Outdoor team building activity

Project COPE, which stands for Challenging Outdoor Personal Experience, is a program in the Boy Scouts of America that consists of tests to develop strength, agility, coordination, reasoning, mutual trust, and group problem-solving. Founded in 1980, by 1991 there were 200 COPE courses offered across the United States. During non-summer camp months, Project COPE courses have been made available to high schools, and to private groups for team building. The project has also been part of at least one program to reduce recidivism among nonviolent juvenile offenders.

Group trust events that are part of Project COPE include standing on an elevated platform or tree stump and falling backwards to be caught by a human zipper. In another exercise designed to show the importance of leadership, teams are blindfolded as they navigate through the woods, with only the people at the very front and back of the line allowed to speak. Participants progress from simple group games to low- and high-course rope activities. There are no time limits.

==History==
According to the U.S. Scouting Service Project, C.O.P.E. originated in St.
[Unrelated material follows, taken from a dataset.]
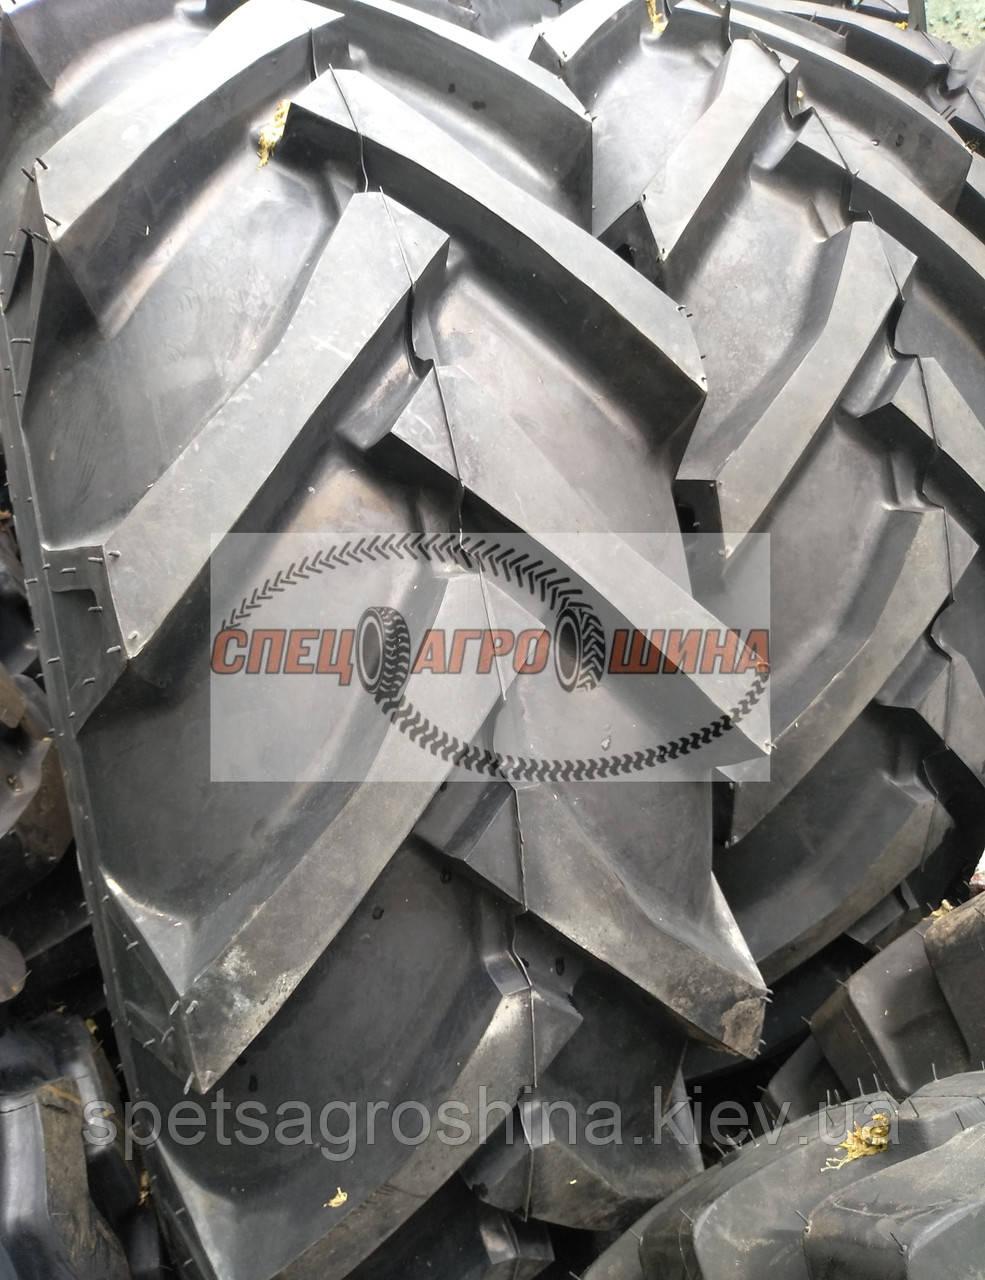 Шина 15.5/80-24 (400/80-24) 16PR R1 TL Armour
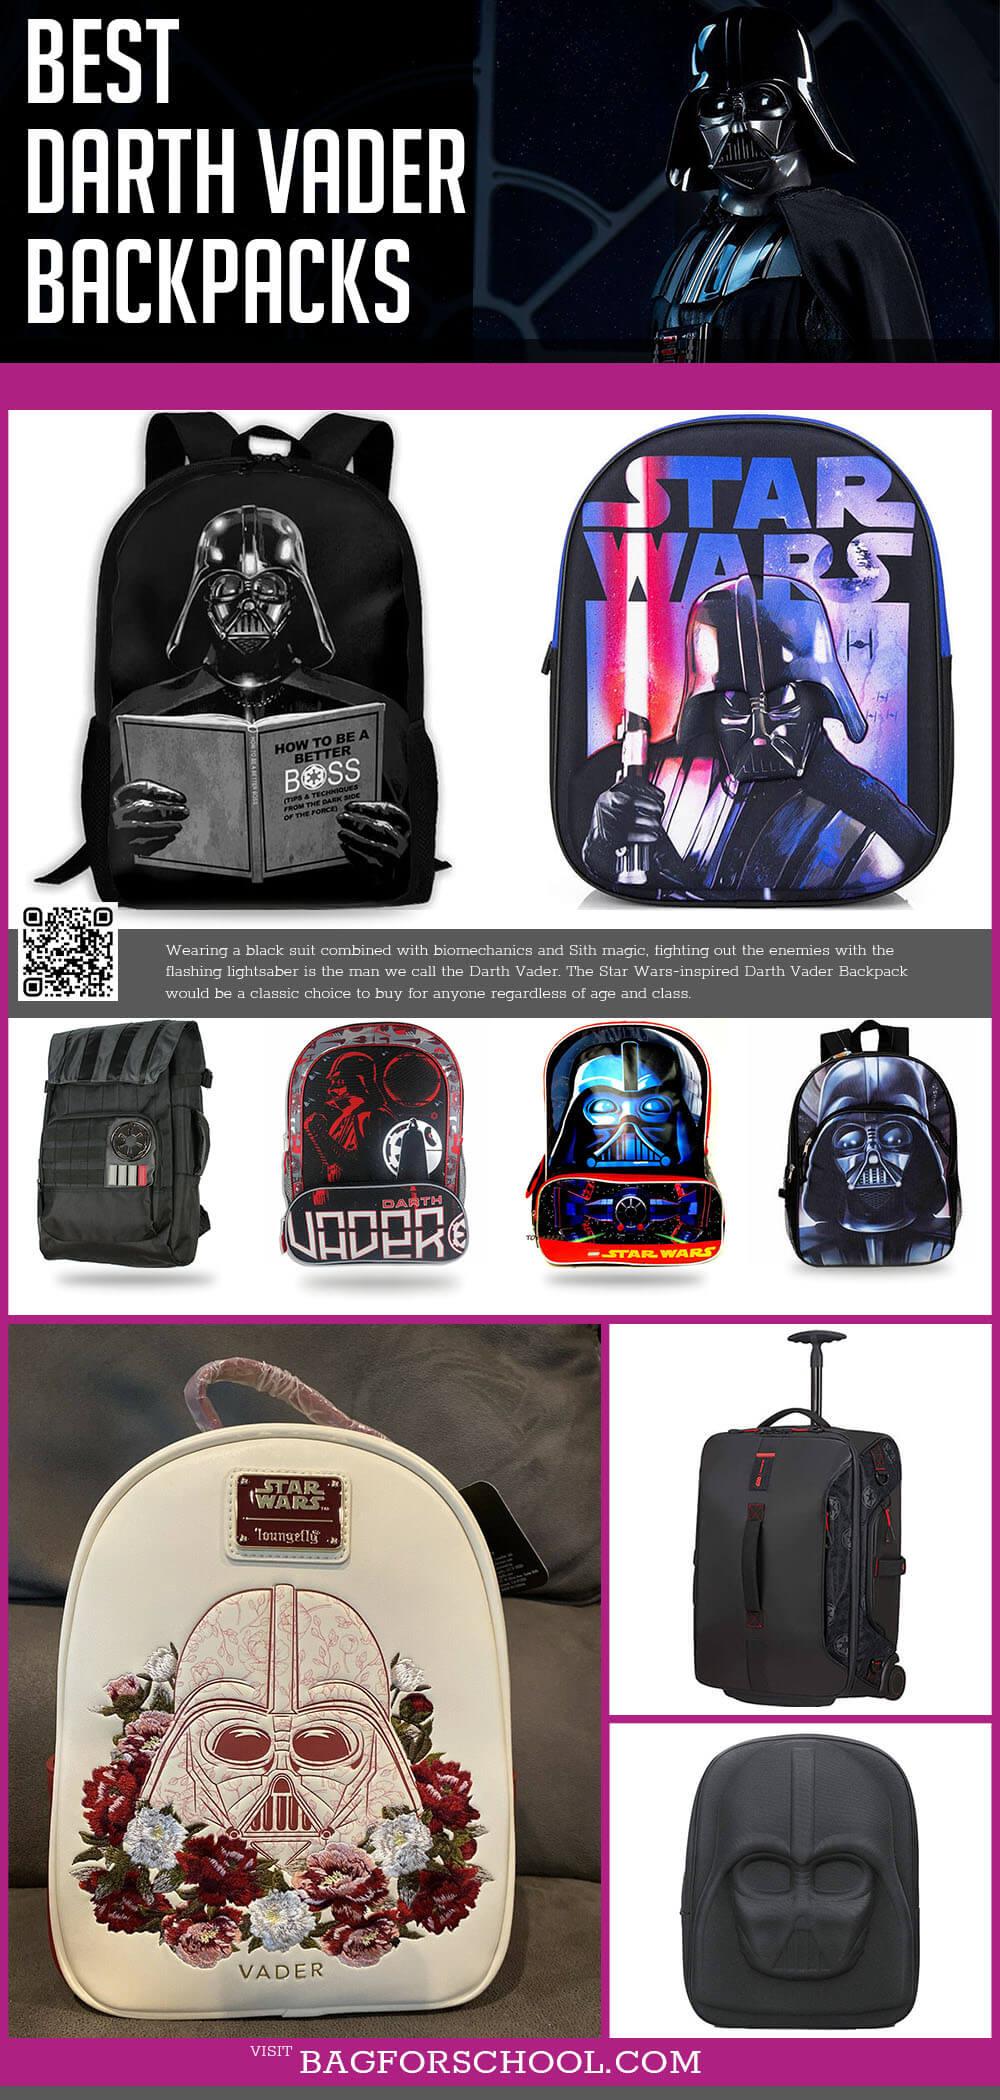 Star Wars Darth Vader Backpacks

Joseph, Missouri, as a program at Camp Geiger in the late 1970s, under the leadership of Parvin Bishop of the Pony Express Council.

After seeing challenge courses such as the Dalajamb World Jamboree International Encampment in Sweden, which offered a woodland pioneering course complete with zip lines and bridges, the National Council of the Boy Scouts of America was interested in offering similar programs nationwide. The first Project COPE took place in 1980. Following a three-year pilot in Missouri, the council recommended Project COPE as an optional project across the country, and tested it across six locations.

Among other benefits, Project COPE was viewed as a way to keep older Scouts engaged with Scouting as they grew older. The program also helped to popularize Scouting among the wider public.